Grouped-Query Attention (GQA)
I implemented GQA to reduce memory usage during inference. Instead of having separate key-value heads for each query head, multiple query heads share the same KV heads. This cuts memory by about 75% compared to standard multi-head attention with minimal quality loss.
The implementation uses 16 query heads and 2 key-value heads (each shared across 8 query heads). This is a common pattern in modern language models like Llama 2.
Rotary Position Embedding (RoPE)
RoPE encodes position by rotating query and key vectors in the complex plane. This gives relative position information that generalizes better to longer sequences than absolute embeddings.

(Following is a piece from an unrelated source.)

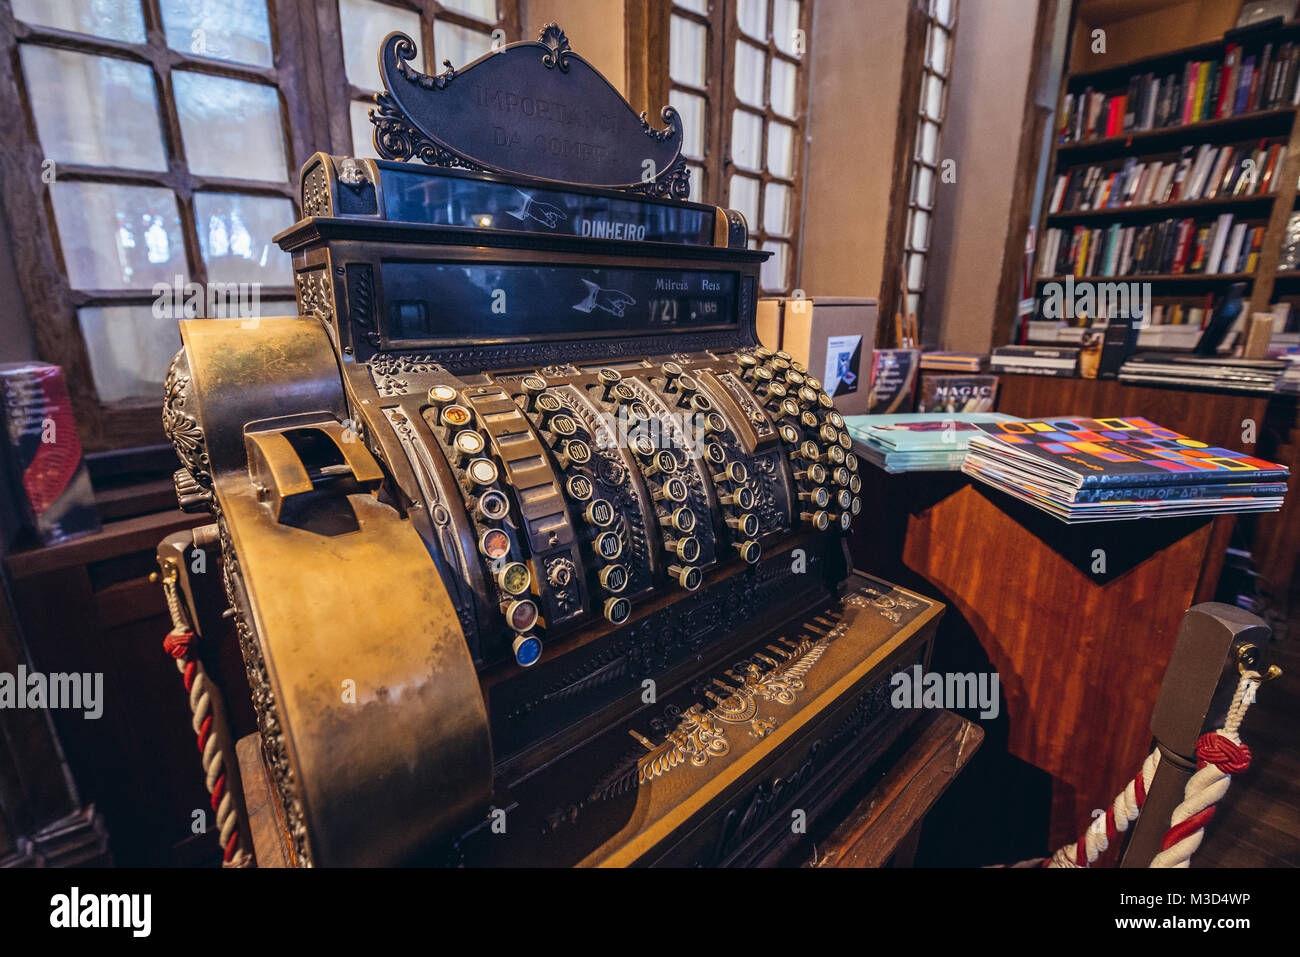 Ancienne cashobox dans l'une des plus célèbres librairies dans le monde entier, la Livraria Lello dans la ville de Porto au Portugal Banque D'Images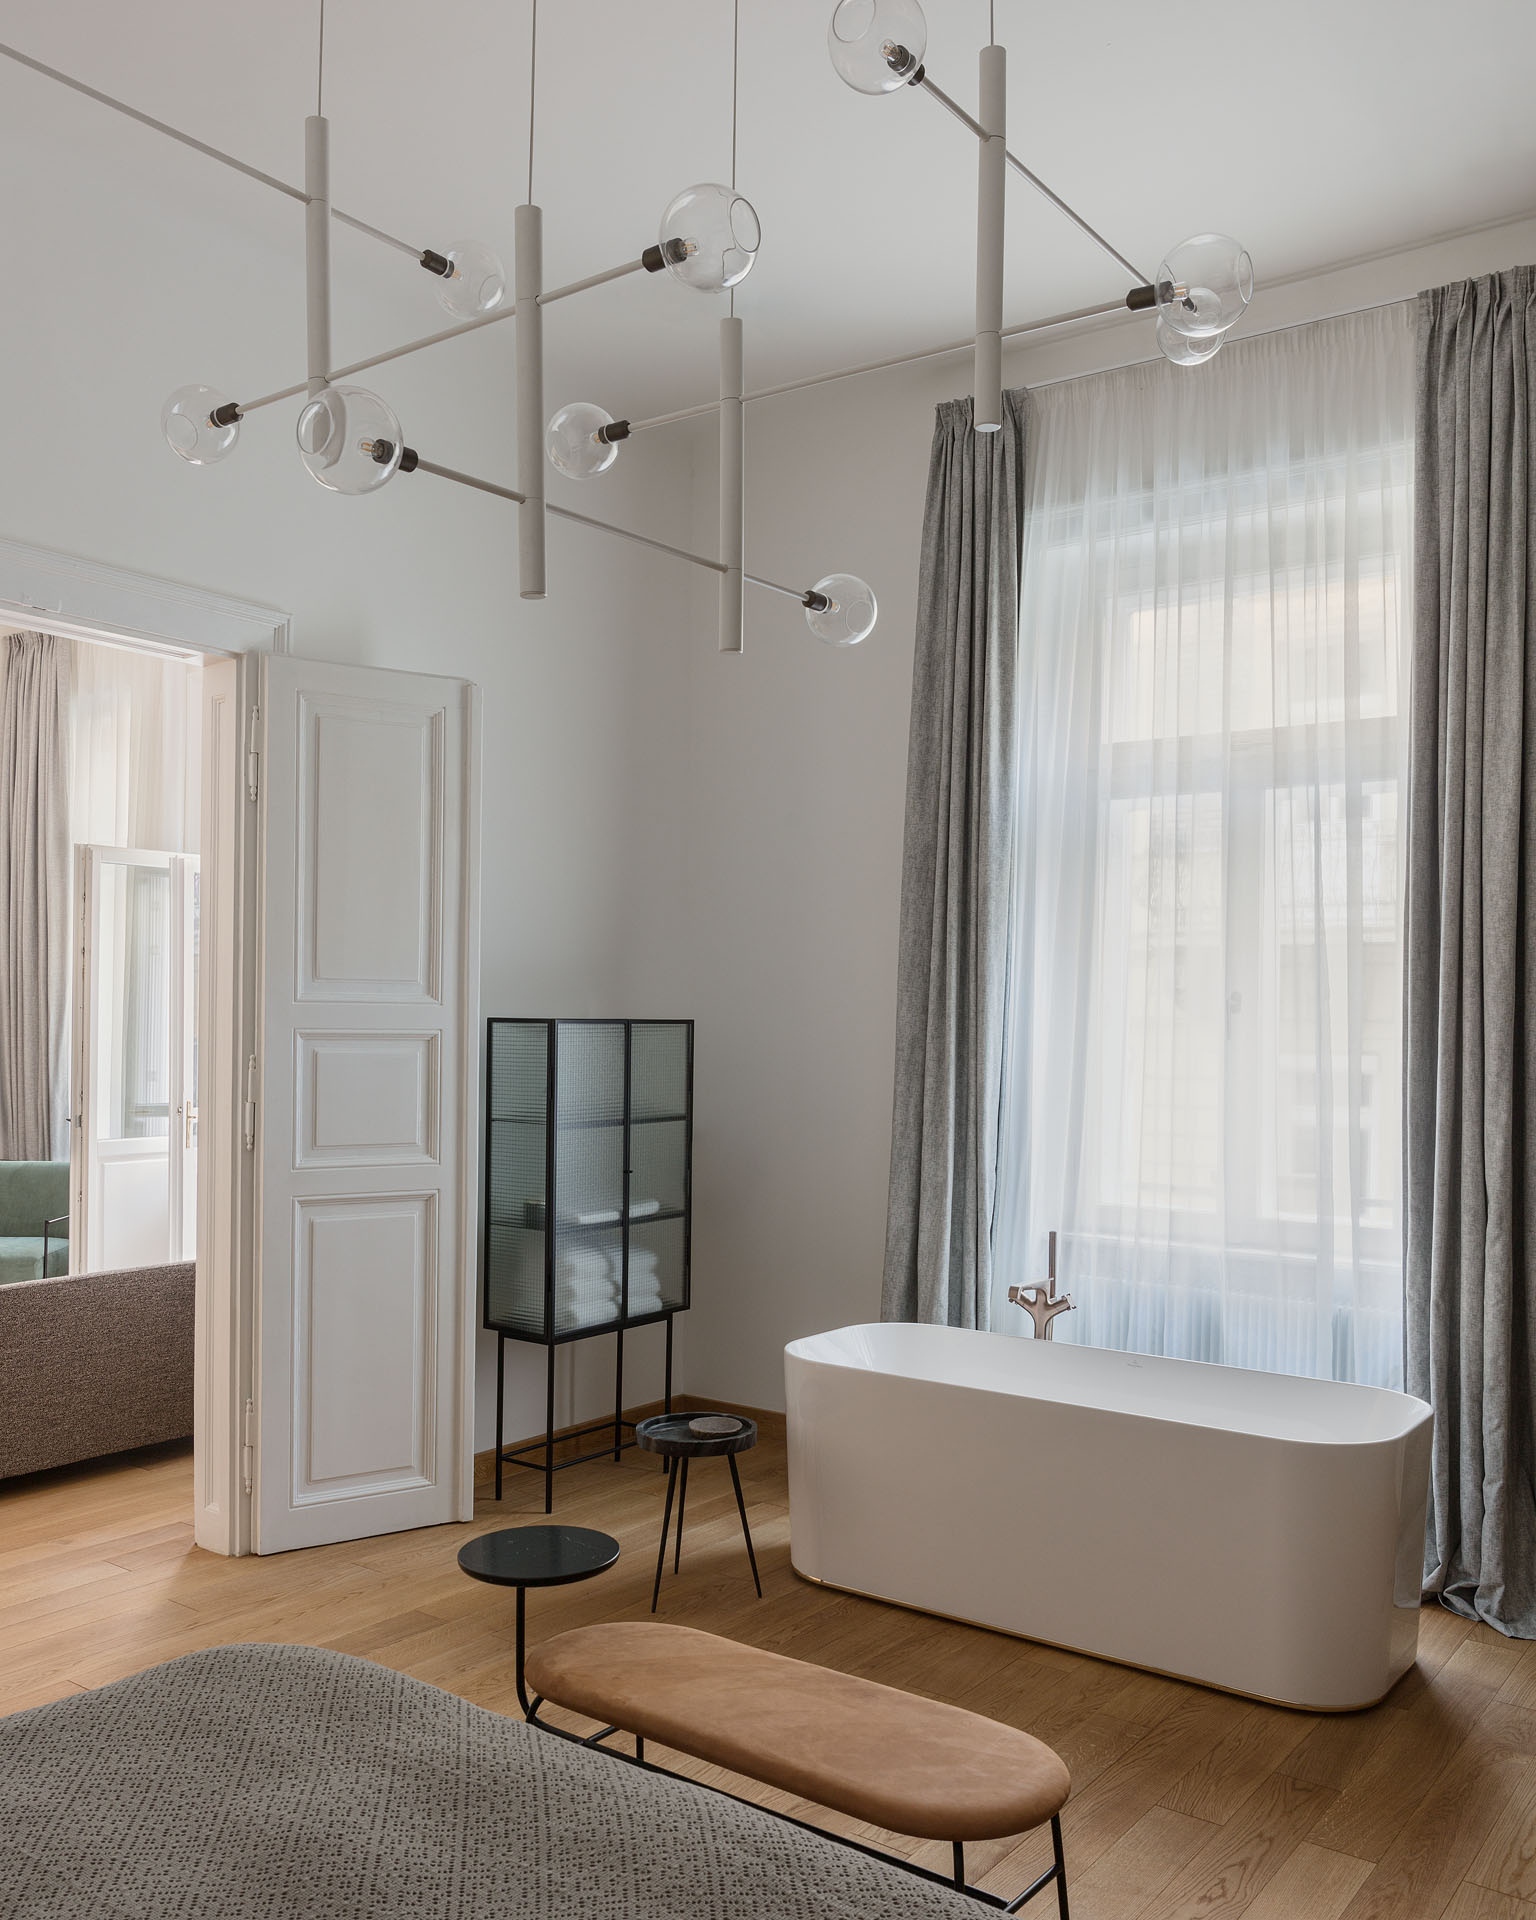 A nagyobbik háló attrakciója a térben álló fürdőkád, amelynek lekerekített formája az ágy végében álló filigrán ülőbútorral harmonizál. A felújított klasszikus ajtók hangsúlyos szerepet kapnak a modern, geometrikus bútorok között.

The math: for position m and dimension i, we compute θ_i = 10000^(-2i/d), then apply a rotation matrix R(θ_i * m) to the query and key vectors. This creates position-dependent rotations that encode relative distances.
RMSNorm
I used RMSNorm instead of LayerNorm because it's slightly more efficient (no mean centering) and works just as well for training stability. The formula is y = (x / sqrt(mean(x²))) * (1 + γ) where γ is a learnable parameter.
KV-Cache
This is crucial for fast generation. Without KV-cache, generating 100 tokens requires computing attention over all previous tokens each time (1+2+...+100 = 5,050 attention computations). With KV-cache, we only compute attention for the new token (100 computations total). That's roughly a 10x speedup for longer sequences.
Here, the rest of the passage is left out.